🤖 AI Summary
Transformer language models face quadratic computational and memory overhead with increasing context length. This work proposes Efficient Test-time Tuning (ETT), a lightweight method that extends context capacity by fine-tuning overlapping sliding-window subsequences—derived via input chunking—at test time, updating only the second-layer parameters of feed-forward networks (FFNs). ETT achieves constant memory footprint and linear computational complexity in sequence length, scaling context length up to 32× (e.g., from 1K to 32K tokens). On LongBench, it improves accuracy by up to 30% for GPT-Large and Phi-2, substantially outperforming full-parameter fine-tuning. The core contribution is the identification of the FFN’s second layer as the critical bottleneck for contextual information storage, and the first demonstration of a lightweight, scalable, and high-yield test-time context enhancement paradigm.
📝 Abstract
Transformer-based Language Models' computation and memory overhead increase quadratically as a function of sequence length. The quadratic cost poses challenges when employing LLMs for processing long sequences. In this work, we introduce ourmodelacronym~(Extend at Test-Time), method for extending the context length of short context Transformer-based LLMs, with constant memory requirement and linear computation overhead. ETT enable the extension of the context length at test-time by efficient fine-tuning the model's parameters on the input context, chunked into overlapping small subsequences.

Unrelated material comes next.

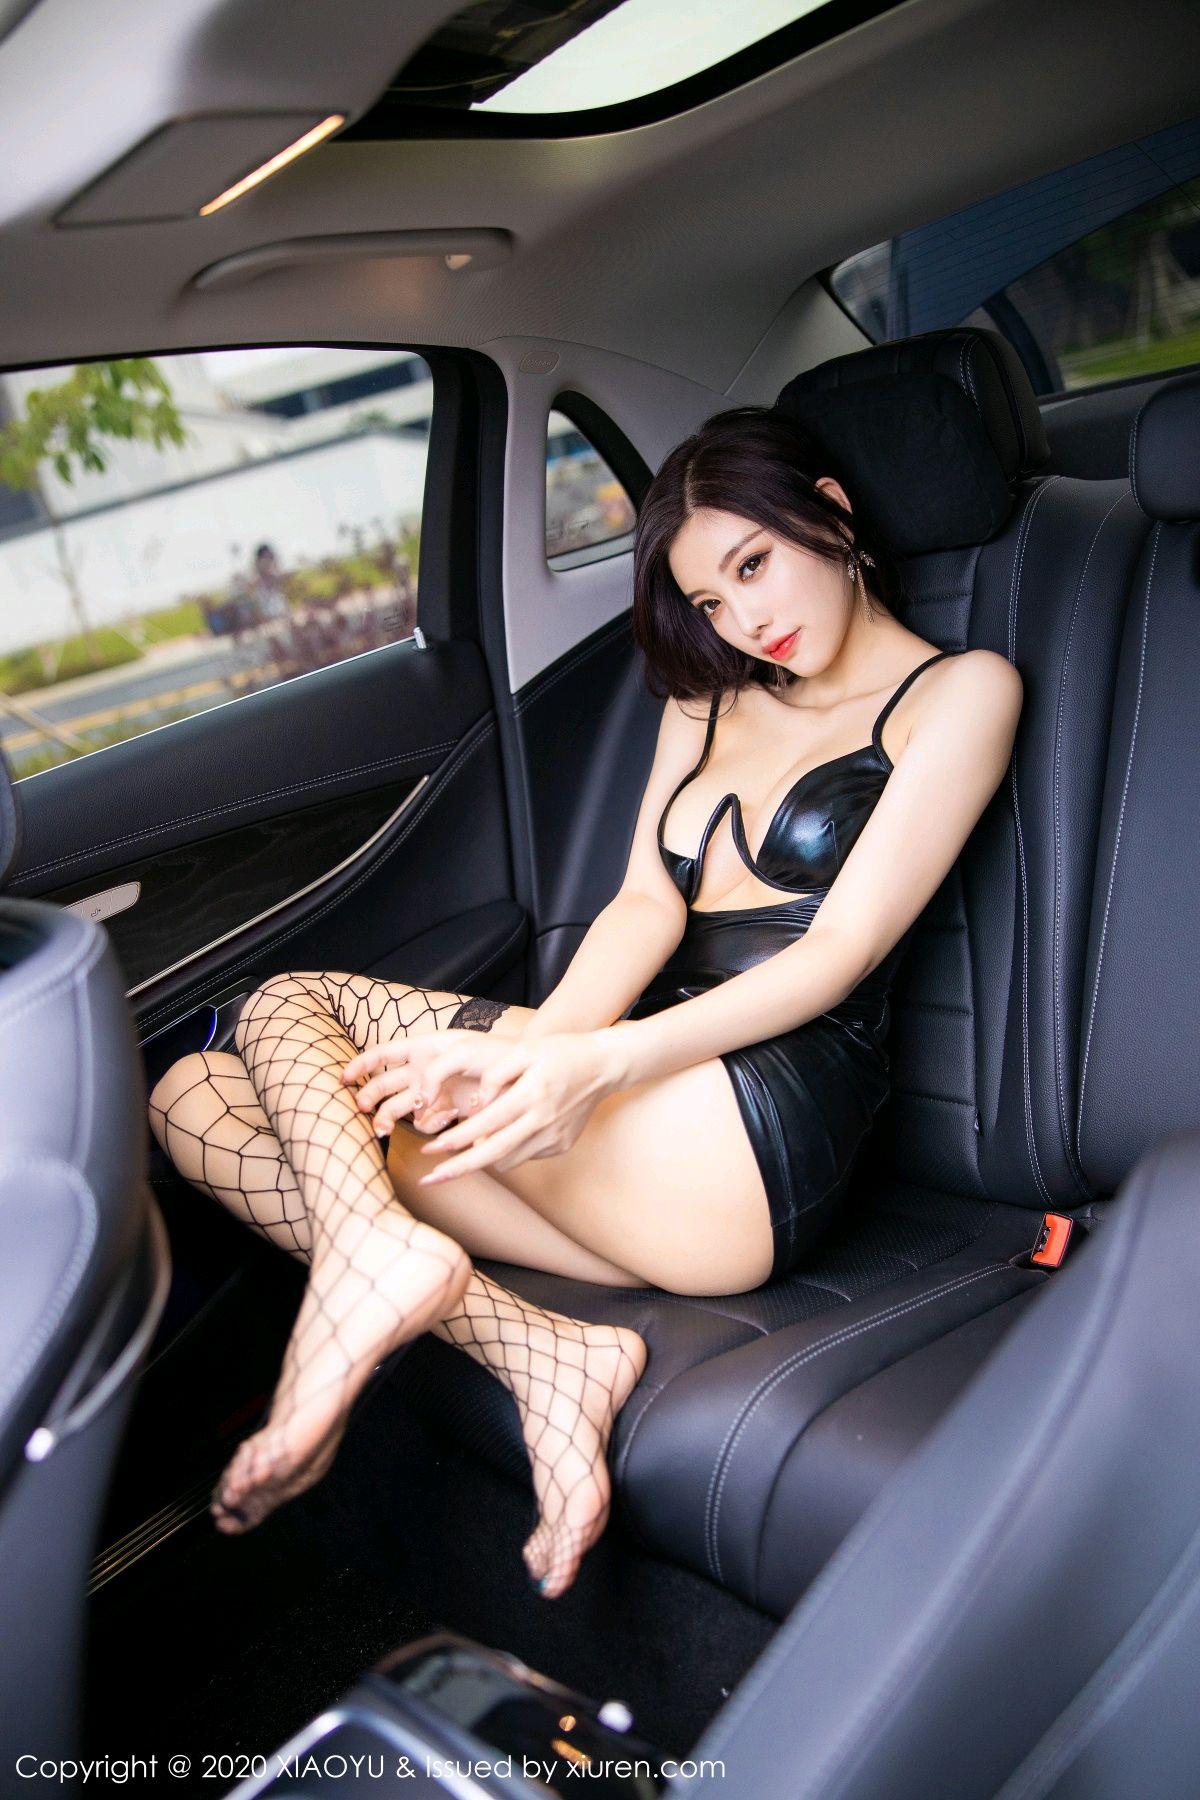 [XiuRen] Vol.338 Yang Chen Chen 77P, Outdoor, Tall, Xiuren, Yang Chen Chen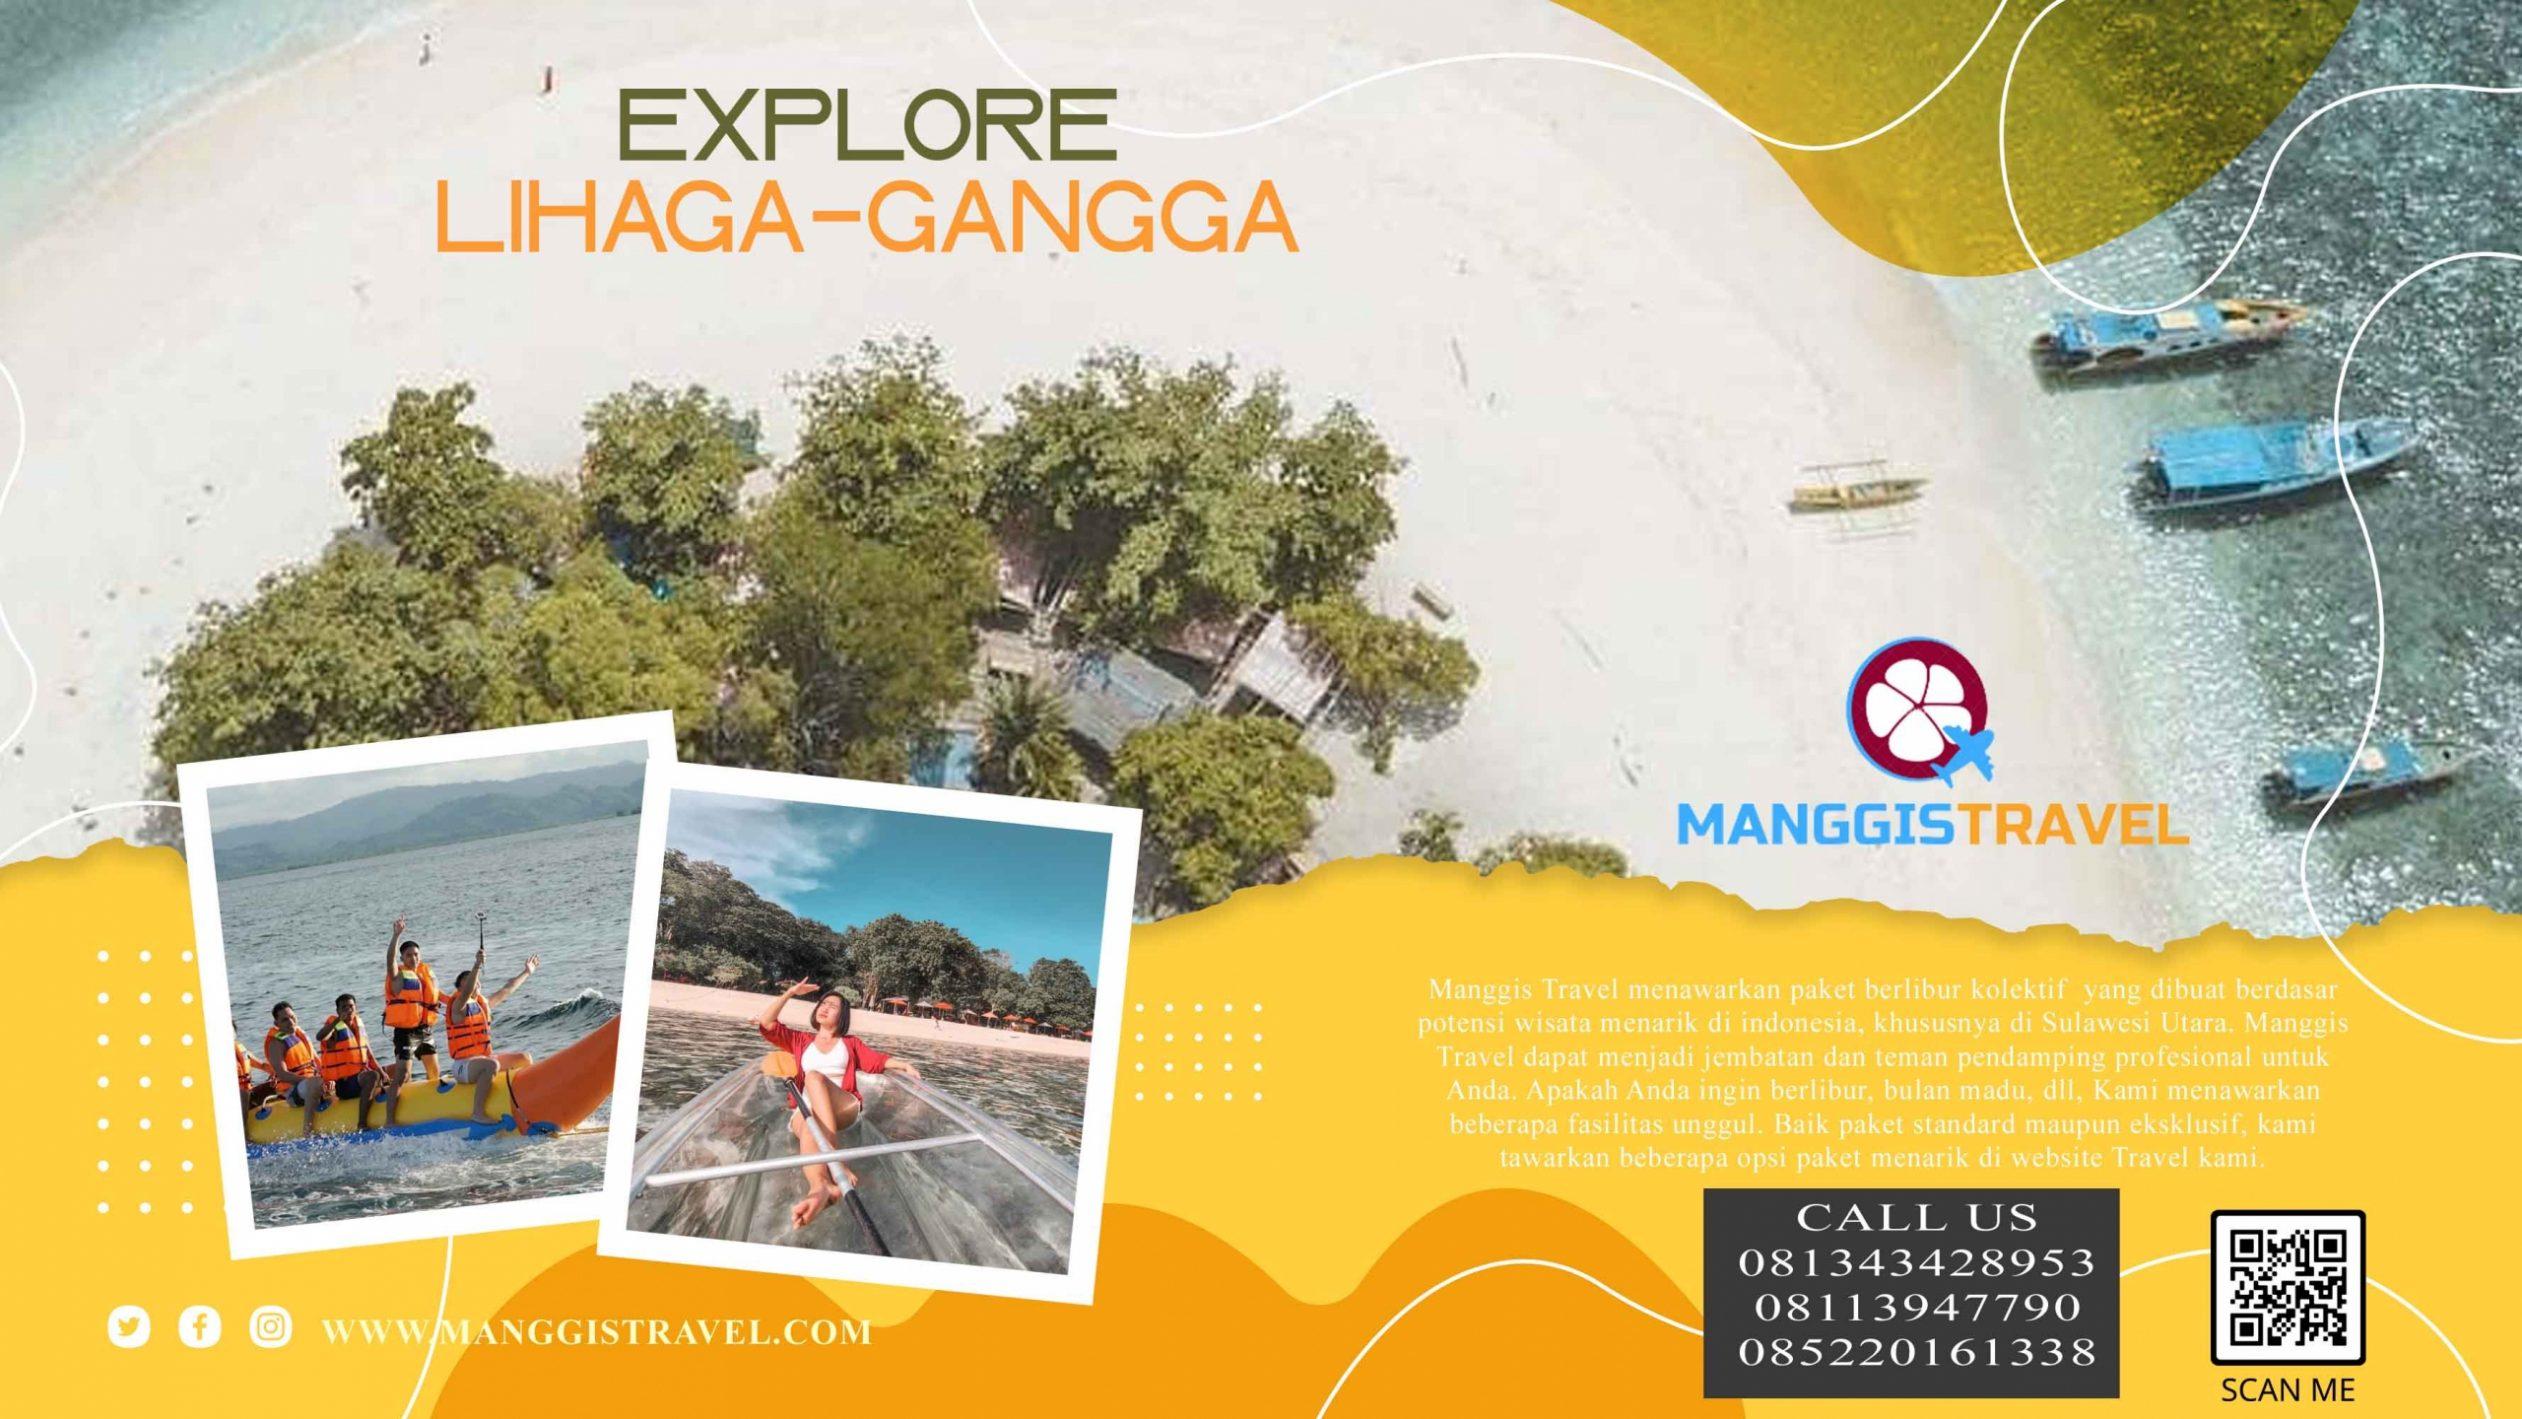 Wisata-Pulau-Lihaga-Gangga

We evaluate ETT on LongBench by extending the context length of GPT-Large and Phi-2 up to 32 times, increasing from 1k to 32k tokens. This results in up to a 30 percent improvement in the model's accuracy. We also study how context can be stored in LLM's weights effectively and efficiently. Through a detailed ablation study, we examine which Transformer modules are most beneficial to fine-tune at test-time. Interestingly, we find that fine-tuning the second layer of the FFNs is more effective than full fine-tuning, leading to a further improvement in the models' accuracy.